See why Beyoncé is sixth on TIME’s Person of the Year 2016 list #TIMEPOY

Having problems is the human condition. But there is a particular complication that comes with being black in America. “Between me and the other world there is ever an unasked question,” W.E.B. Du Bois wrote in his classic The Souls of Black Folk. “How does it feel to be a problem?” In 2016, Beyoncé, a pop star, chose to be a problem.
This could not have been a light decision. An artist who rose to fame in the late 1990s as lead singer of the teen girl group Destiny’s Child, she has since rocketed to the sort of first-name-only global superstardom that theoretically relieves her of the heaviest burdens of being a problem. Her brand seemed carefully crafted to speak to girl power more than to black power. Four years ago, sociologist Ellis Cashmore identified Beyoncé as “beyond black,” describing her flamboyant individualism as a commodity sold to Middle America as evidence the nation’s racial dilemma had ended. So much for that.

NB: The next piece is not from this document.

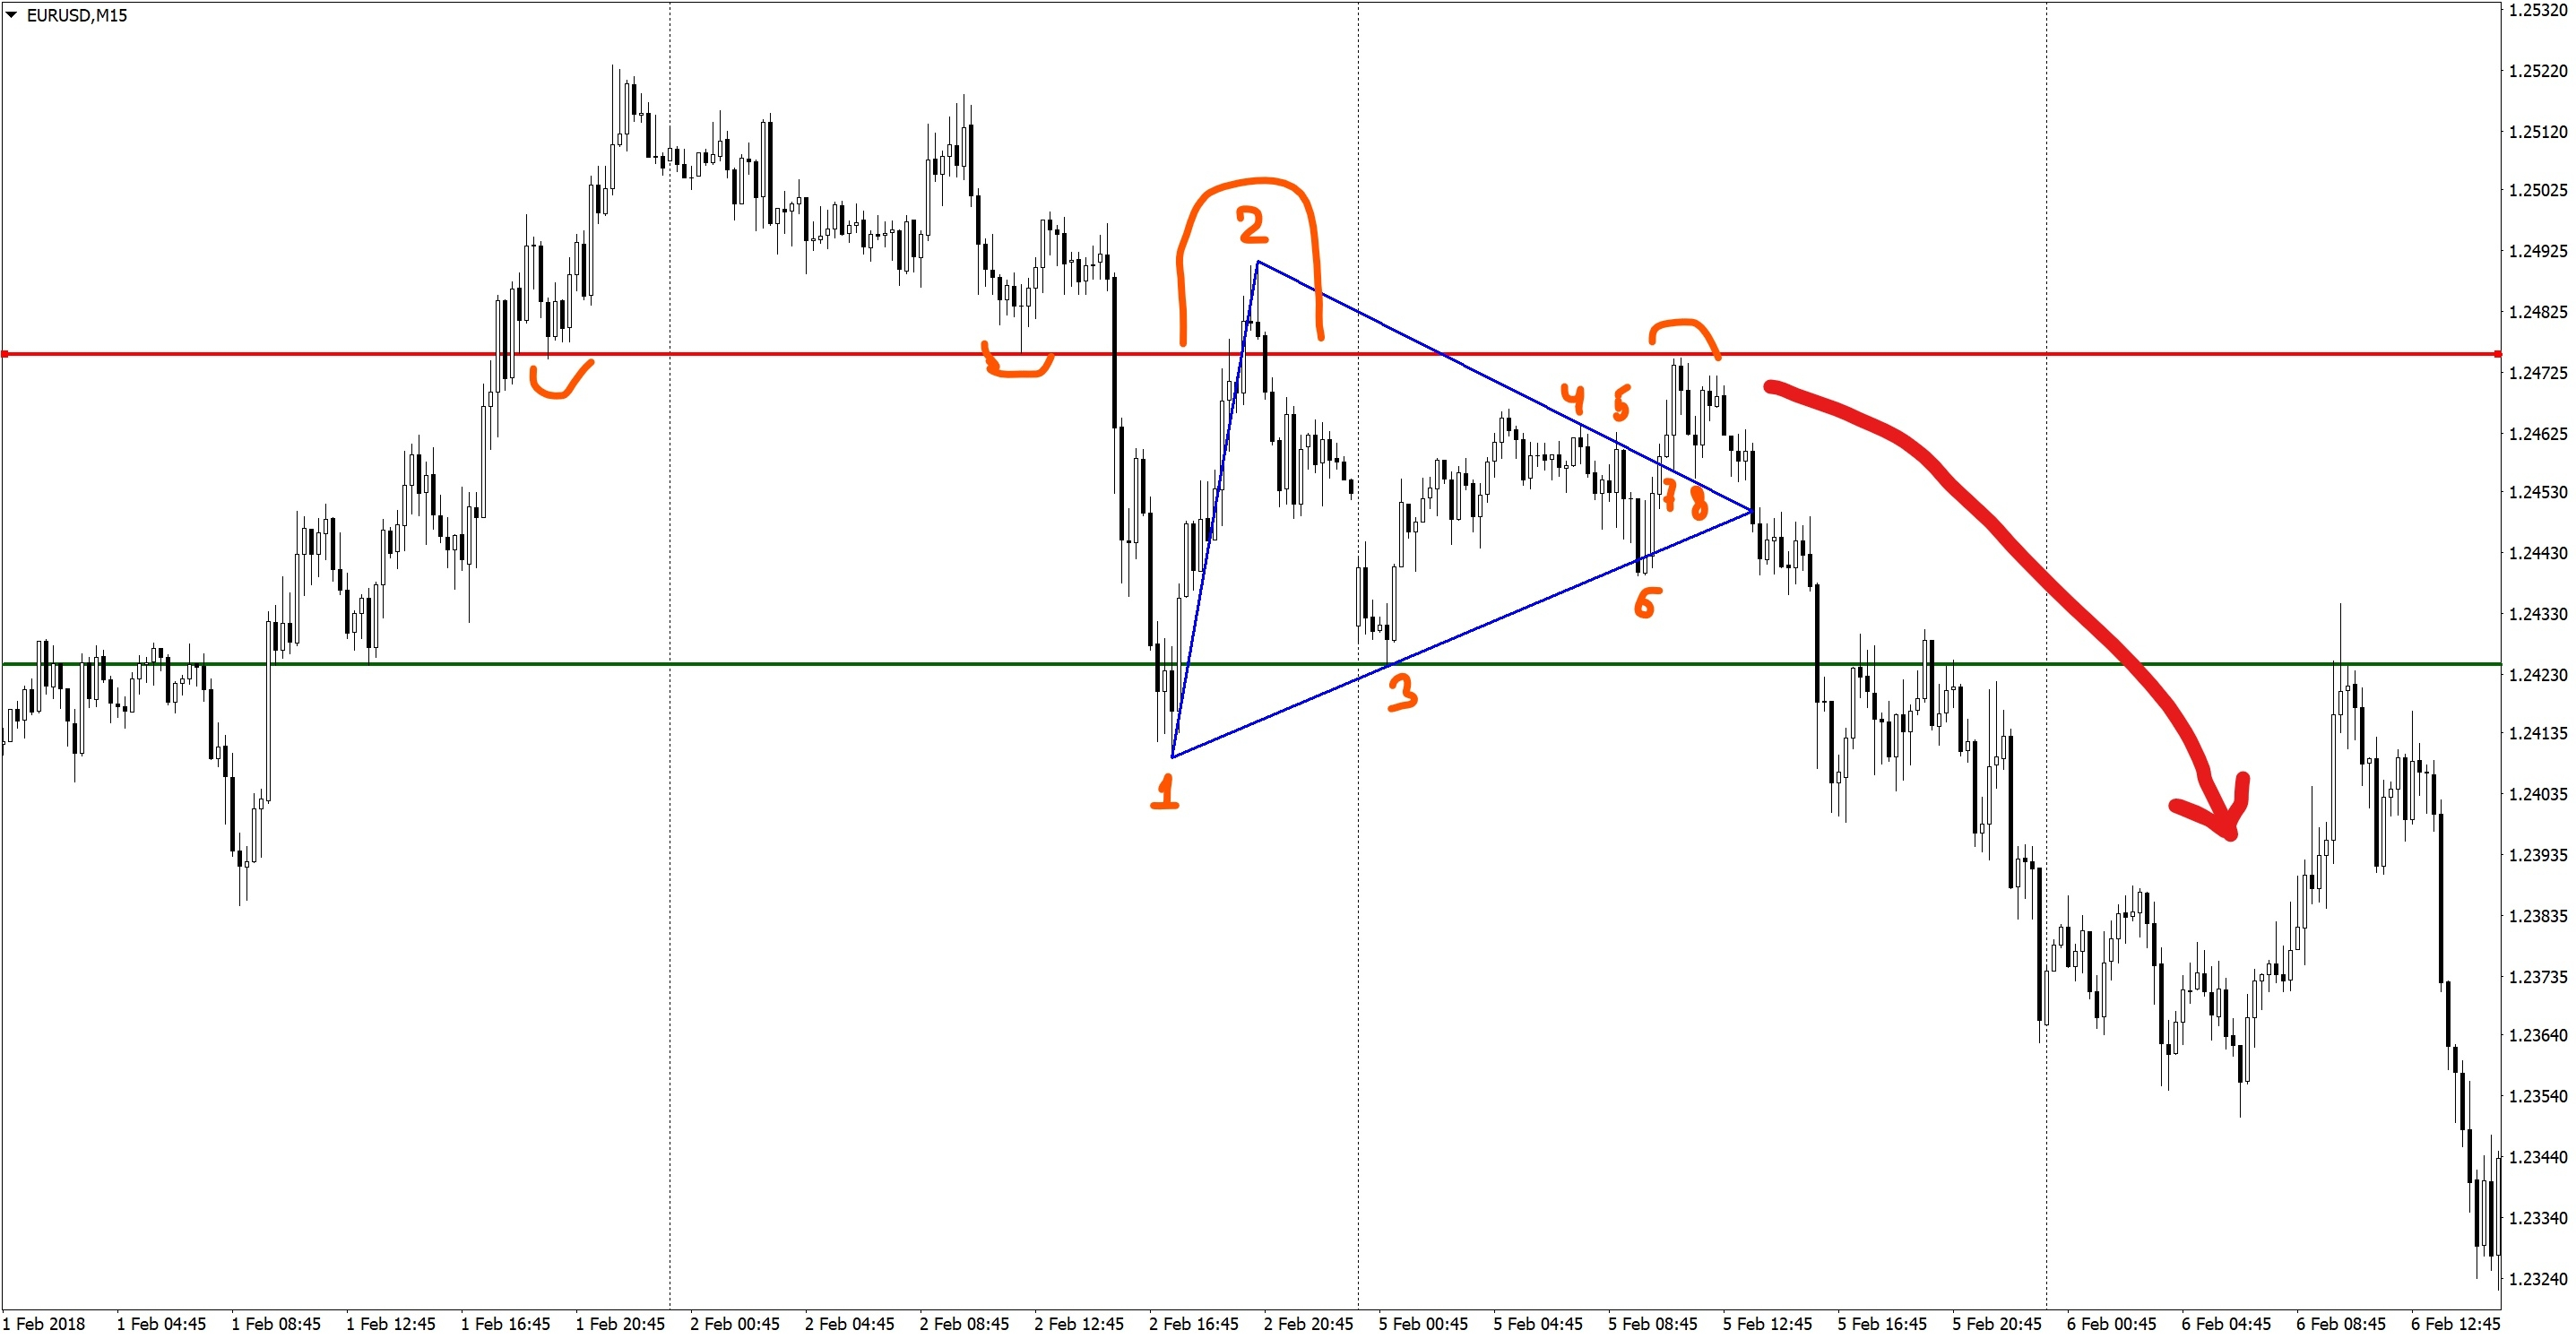 Анализ EURUSD M15-треугольник

With Lemonade—an album, an Emmy-nominated film and, as America looked on, an experience—Beyoncé publicly embraced explicitly feminist blackness at a politically risky moment. For three years, the stream of cell-phone videos of fatal encounters between African Americans and local police sustained a national controversy that, in some quarters, came down to a choice between one and the other. She chose blackness even as many Americans rejected it, taking sides and never wavering.

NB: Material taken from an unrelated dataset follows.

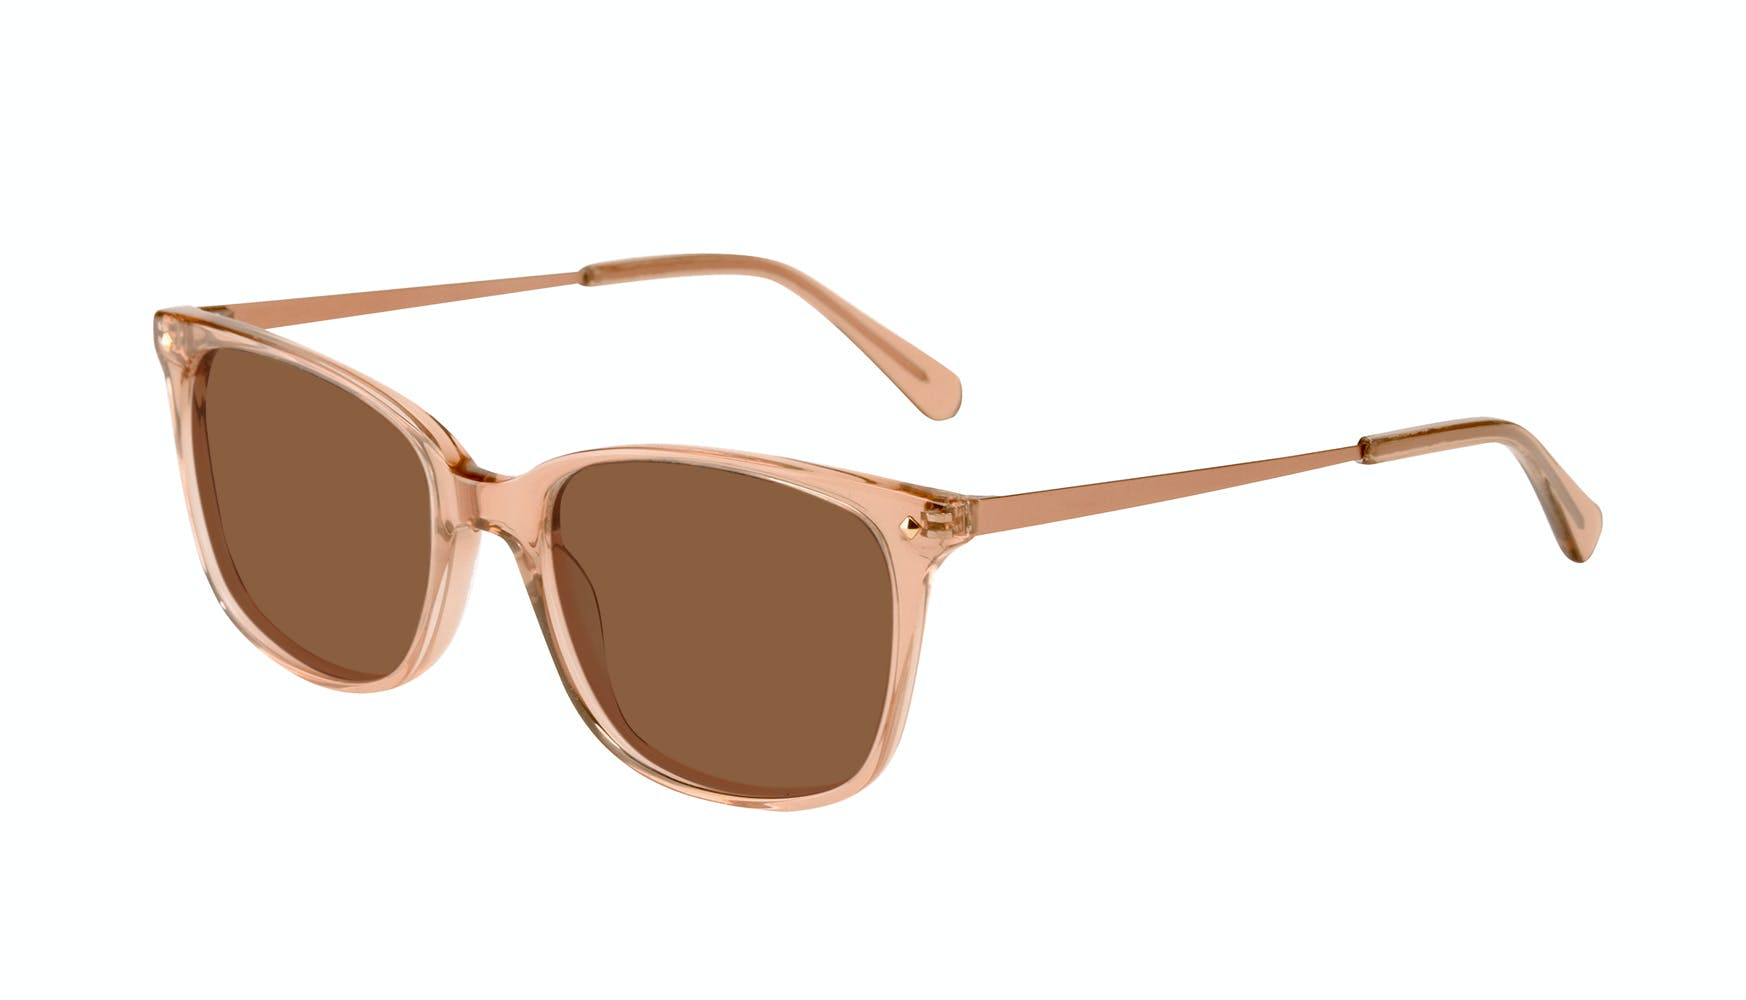 Affordable Fashion Glasses Rectangle Square Sunglasses Women Refine Toffee Tilt

From the moment its first single, “Formation,” dropped in February, Lemonade was a phenomenon. Rolling Stone described it as “her most powerful, ambitious statement yet” and later named it best album of the year. A spate of other music awards followed, along with nominations in the upcoming Grammys, including Album of the Year. And this being 2016, when pop superstars make their fortunes less from digital downloads than by selling tickets, Lemonade provided raw material for a breathtaking, $256 million–grossing world tour in which the choreography featured a cadre of natural-haired black women led by Beyoncé, barefoot, in ankle-deep water performing a fierce kinetic dance as she proclaimed, “Freedom! Freedom! Where are you? ‘Cause I need freedom too! I break chains all by myself.” Typical arena fare it was not.